Structuur | Ruggengraat

Structuur

De spinal cord is een symmetrisch reflexorgel, dwz verdeeld in twee gelijke helften (= bilateraal) en, in tegenstelling tot de hersenen, heeft een relatief originele en eenvoudige structuur, die er in principe hetzelfde uitziet in de verschillende secties. Analoog aan de wervelkolom kan het worden onderverdeeld in het stuitbeen of het coccygeale merg, dat nog steeds aanwezig is bij andere gewervelde dieren, is rudimentair bij de mens, dwz alleen het functieloze systeem is nog aanwezig. Van de spinal cord, paren zenuwwortels, de wervelkolom zenuwen (Nervi spinalales), symmetrisch naar links en rechts uitstrekken.

Deze zenuwwortels lopen aan weerszijden gelijkmatig door de tussenwervelgaten (Foramen intervertebralis), die worden gevormd door twee boven elkaar geplaatste wervels rechts en links van de wervellichamen. In dit korte gedeelte worden ze spinale zenuwwortels (Radix spinalis) genoemd, omdat ze nog steeds bestaan ​​uit een voorkant (motor = voor de spieren) en een achterkant (gevoelig = voor het gevoel).
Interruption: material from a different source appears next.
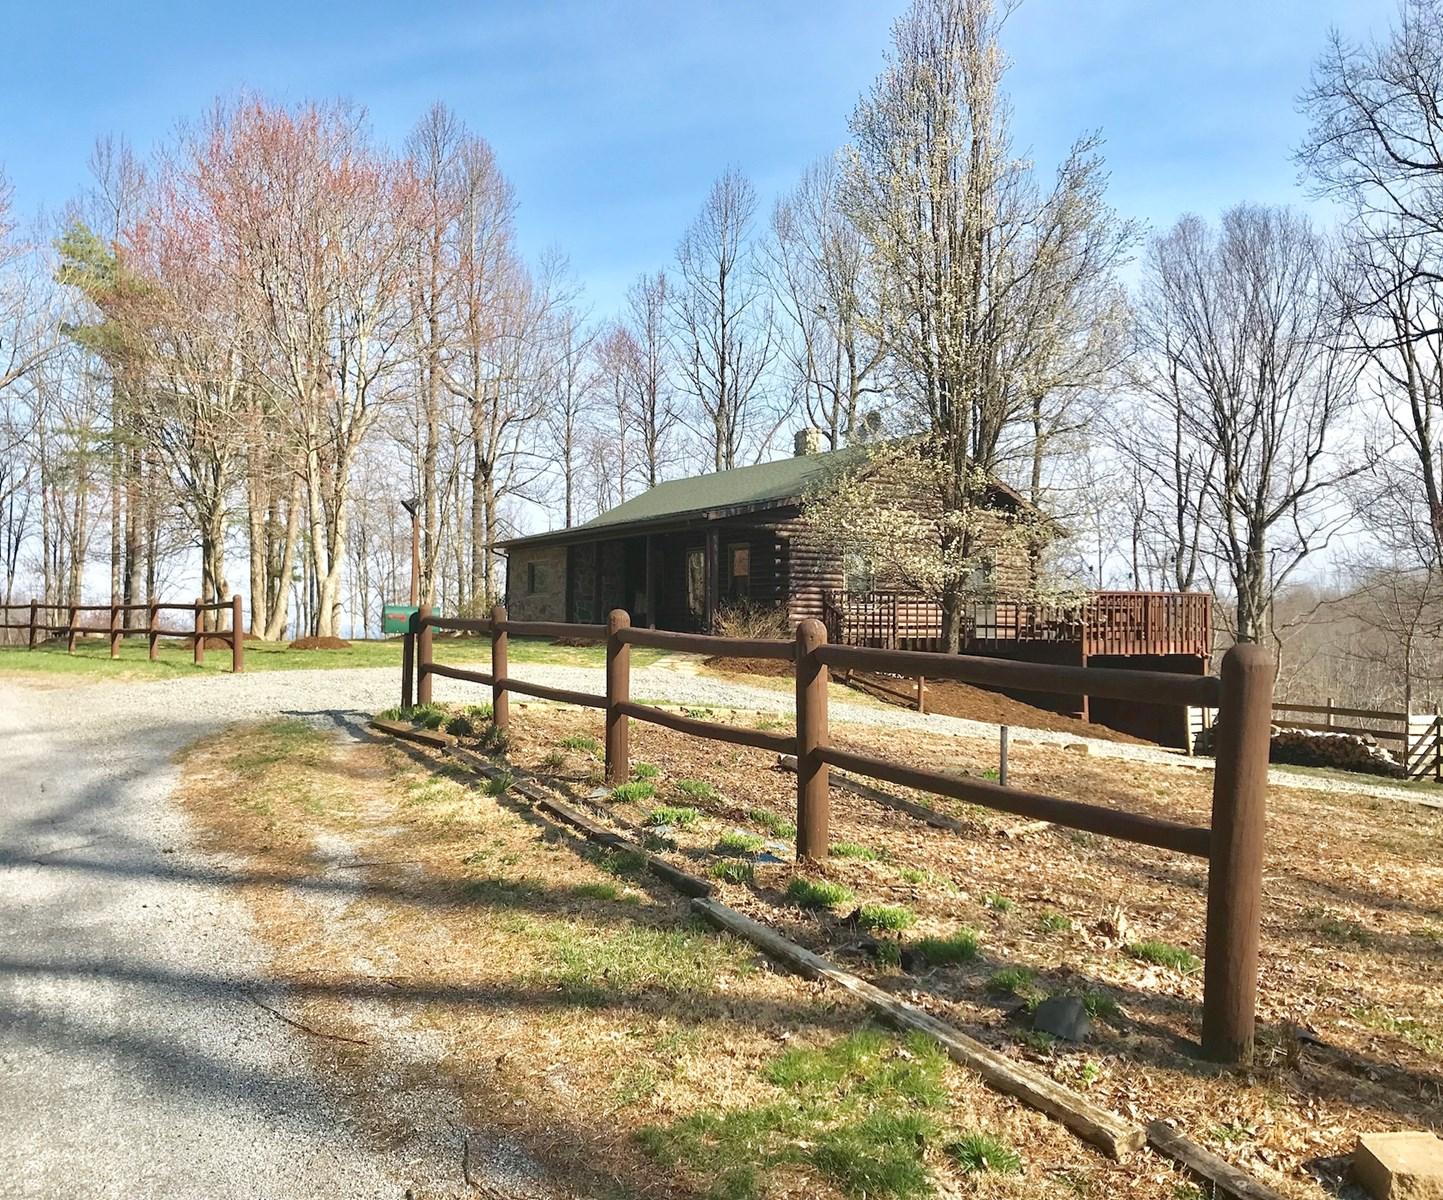 Log Cabin Home for Sale in Copper Hill VA!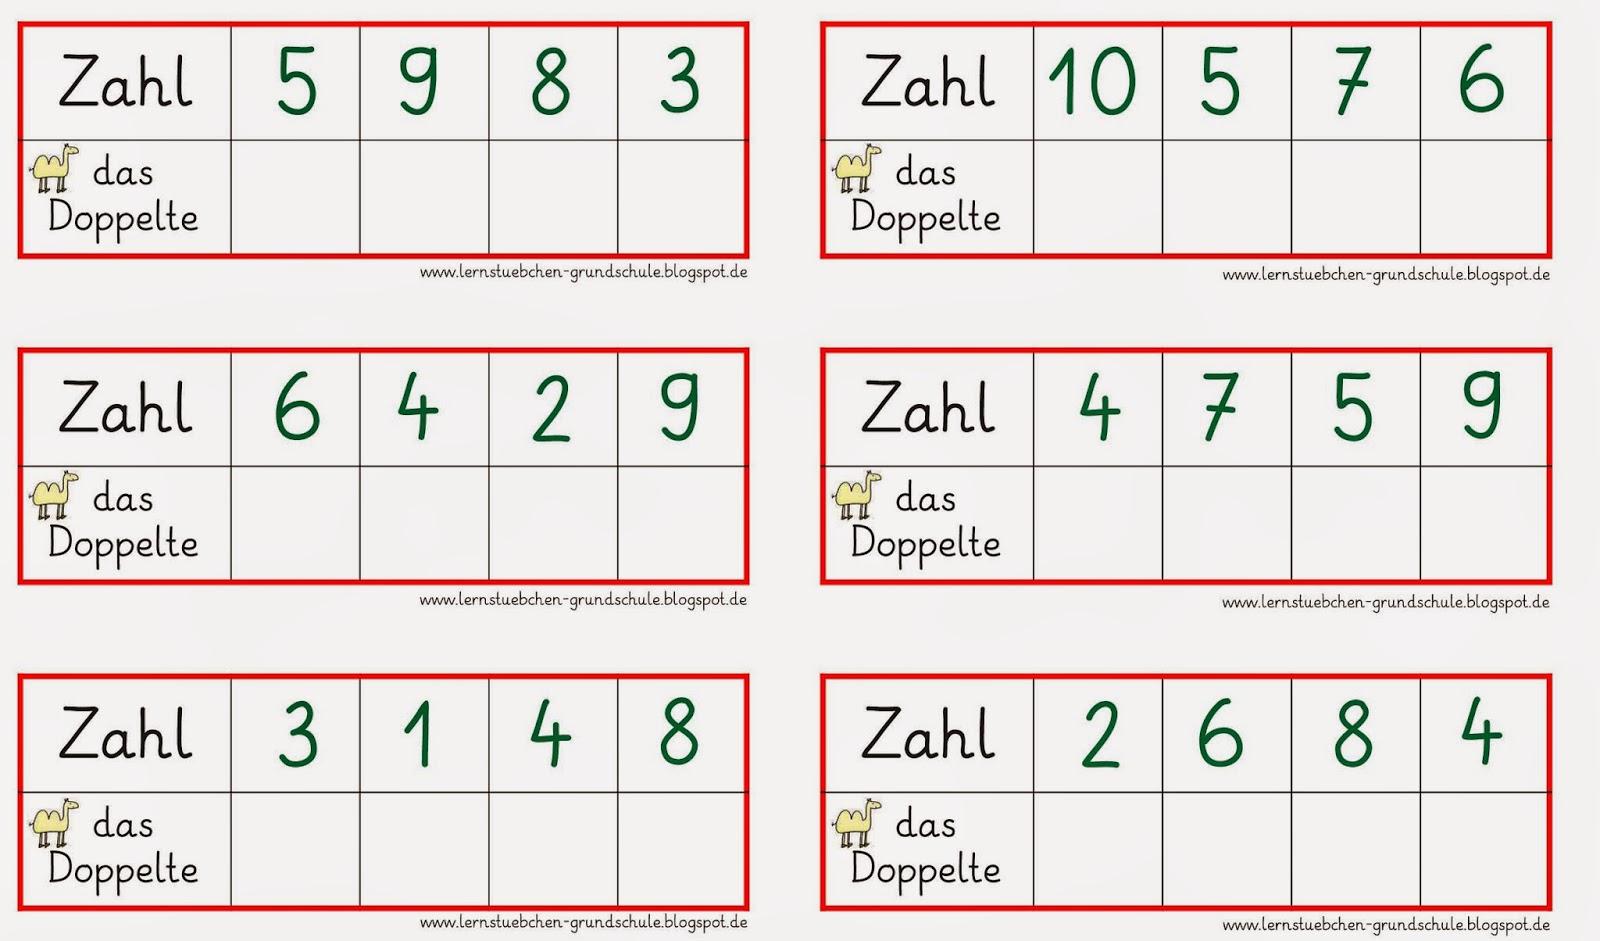 Lernstübchen: Zahl - das Doppelte

  • Cervicaal of cervicaal merg (ter hoogte van de 1ste-7de halswervel)
  • Thoracaal of thoracaal merg (ter hoogte van de 1e -12e thoracale wervels)
  • Lumbale of lumbale markering (ter hoogte van de 1e - 5e lendenwervel)
  • Kruis- of sacrale medulla (ter hoogte van het heiligbeen)
  • Omgedraaid proces
  • Uitgaande zenuw (spinale zenuw)
  • Vertebrale lichaam
  • Doornig proces
  • Ruggengraat

Pas nadat ze de tussenwervelgaten hebben verlaten, verenigen de twee worteldelen zich om de feitelijke rugzenuw te vormen, die naar de periferie van het lichaam beweegt. De ruggengraat is dus zowel het controlecentrum voor twee fundamenteel verschillende kwaliteiten als voor twee verschillende geleidingsrichtingen: waargenomen input van buitenaf wordt van de periferie naar het centrum gestuurd zenuwstelsel (spinal cord en hersenen) - en roept tegelijkertijd op tot beweging vanuit het centrum zenuwstelsel naar de spieren, naar de periferie. De twee eigenschappen (motorische en sensorische delen) worden van nature in de zenuw vastgehouden, ze zijn simpelweg niet meer van elkaar te onderscheiden en lopen als een gemeenschappelijke “kabel”. Omdat ze elektrisch geïsoleerd zijn door de vettige zenuwmantels (myeline-omhulsels), zitten ze elkaar niet in de weg.